If you can insert the 5000 IDs into a temporary table, you could then write a single query to find the ones that don't exist in the database.

如果可以将5000个ID插入临时表,则可以编写单个查询以查找数据库中不存在的查询。

#5

If you want simplicity, since 5000 records is not very many, then from C# just use a loop to generate an insert statement for each of the strings you want to add to the table. Wrap the insert in a TRY CATCH block. Send em all up to the server in one shot like this:

如果你想要简单,因为5000个记录不是很多,那么从C#中只需使用一个循环为你想要添加到表中的每个字符串生成一个insert语句。将插入物包裹在TRY CATCH块中。像往常一样将em发送到服务器:

BEGIN TRY
INSERT INTO table (theCol, field2, field3)
SELECT theGuid, value2, value3
END TRY BEGIN CATCH END CATCH

BEGIN TRY
INSERT INTO table (theCol, field2, field3)
SELECT theGuid, value2, value3
END TRY BEGIN CATCH END CATCH

BEGIN TRY
INSERT INTO table (theCol, field2, field3)
SELECT theGuid, value2, value3
END TRY BEGIN CATCH END CATCH

if you have a unique index or primary key defined on your string GUID, then the duplicate inserts will fail. Checking ahead of time to see if the record does not exist just duplicates work that SQL is going to do anyway.

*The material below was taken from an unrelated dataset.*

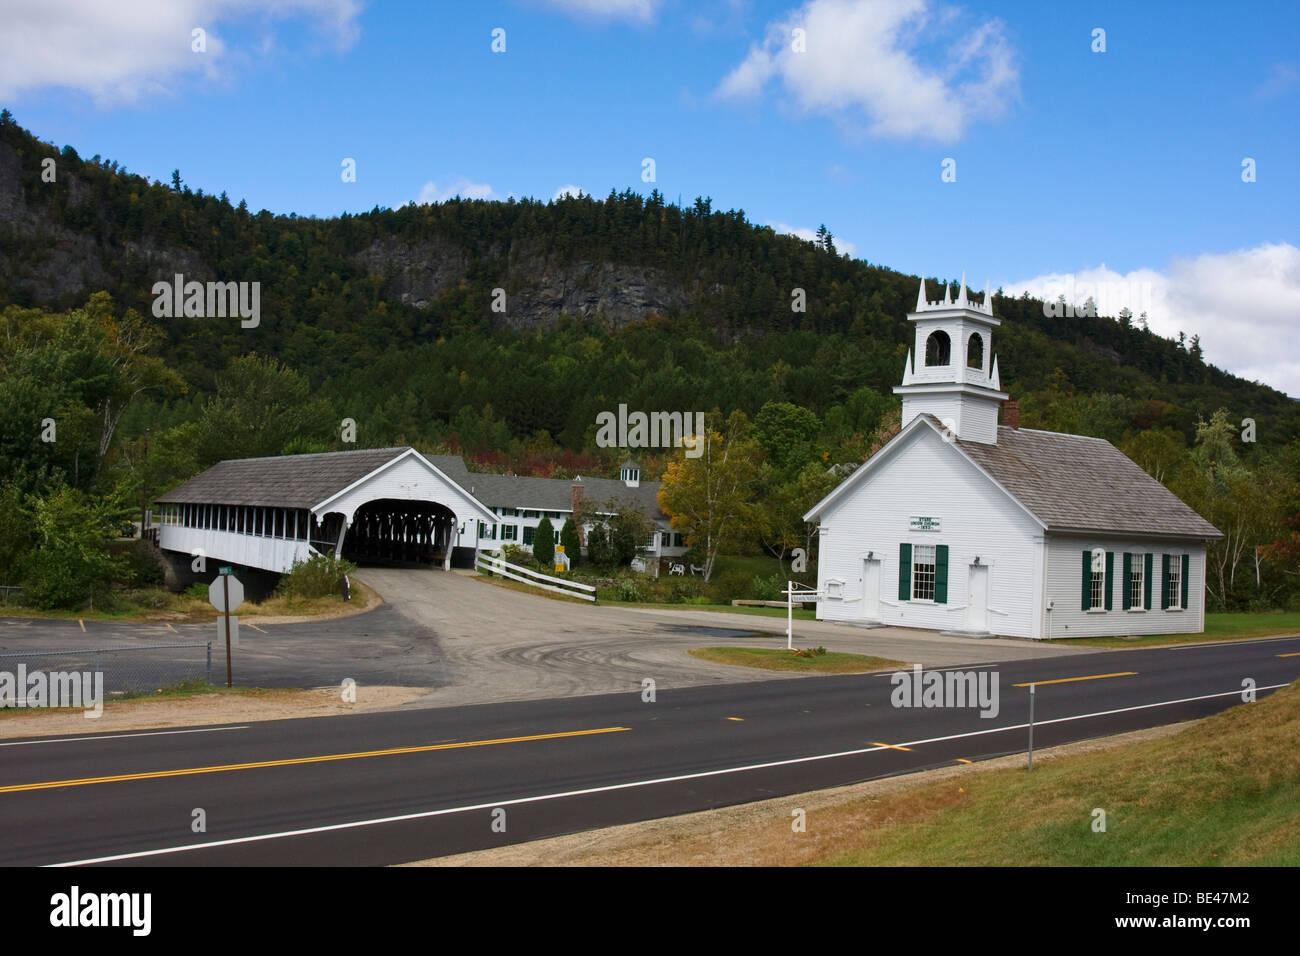 Stark Union Church, Stark, New Hampshire - Stock Image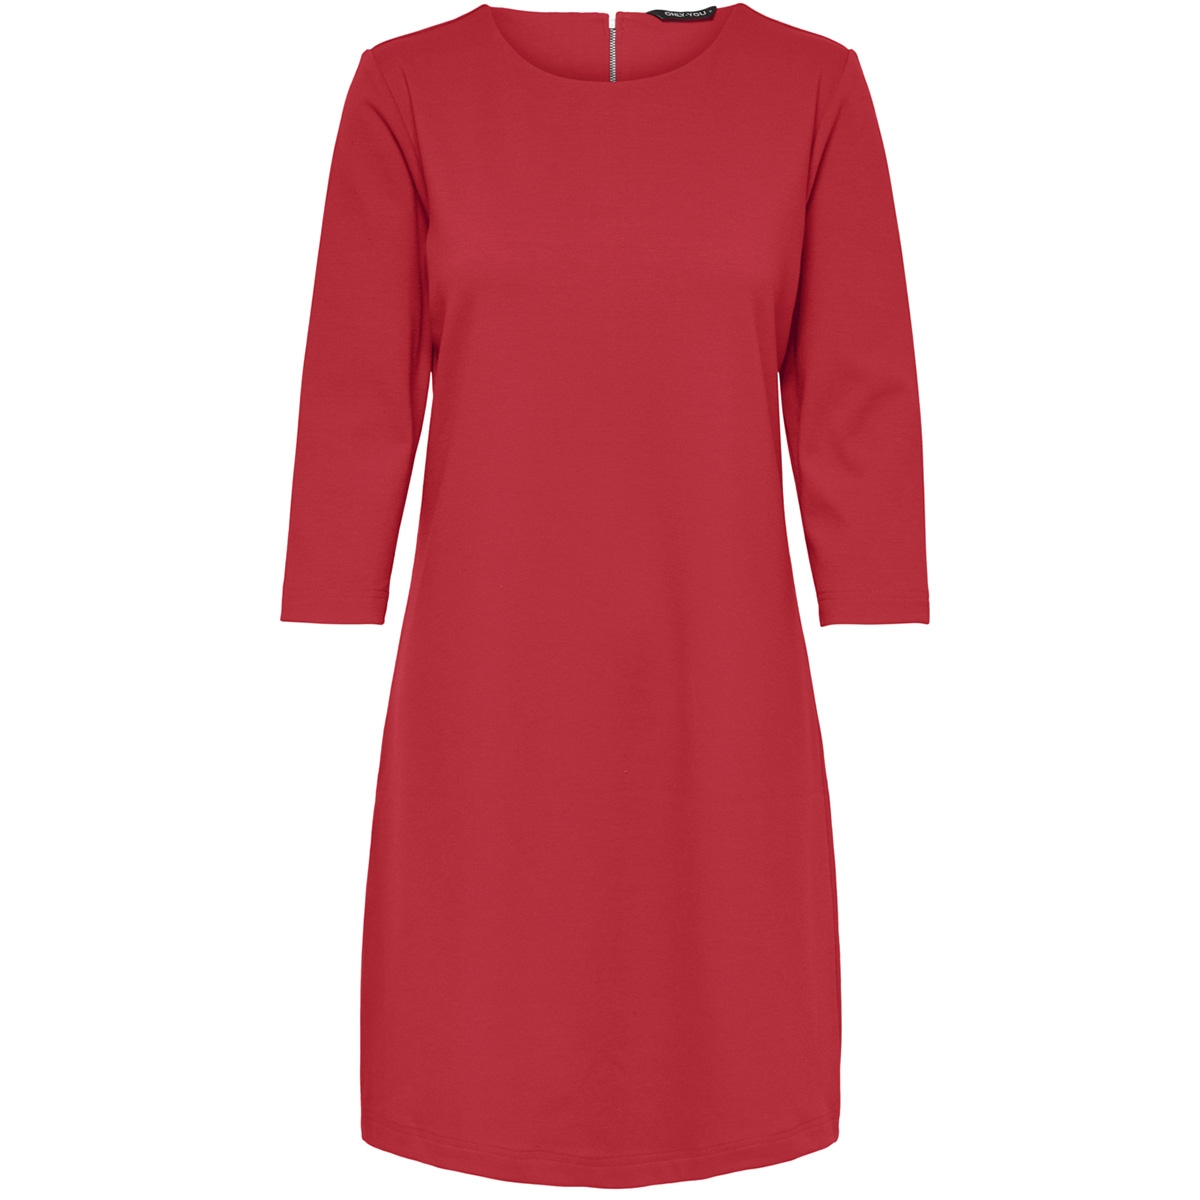 onybrendan 3/4 dress jrs 15178090 only jurk flame scarlet

如果您在字符串GUID上定义了唯一索引或主键,则重复插入将失败。提前检查以查看记录是否不存在只是重复SQL将要执行的工作。

If performance is really important, then consider downloading the 5000 GUIDS to your local station and doing all the analysis localy. Reading 5000 GUIDS should take much less than 1 second. This is simpler than bulk importing to a temp table (which is the only way you will get performance from a temp table) and doing an update using a join to the temp table.

如果性能非常重要,那么考虑将5000 GUIDS下载到本地站并进行所有分析。阅读5000 GUIDS应该花费不到1秒钟。这比批量导入临时表(这是从临时表中获取性能的唯一方法)和使用连接到临时表进行更新更简单。

#6

Since you are using Sql server 2008, you could use Table-valued parameters. It's a way to provide a table as a parameter to a stored procedure.

由于您使用的是Sql server 2008,因此可以使用表值参数。这是一种将表作为存储过程的参数提供的方法。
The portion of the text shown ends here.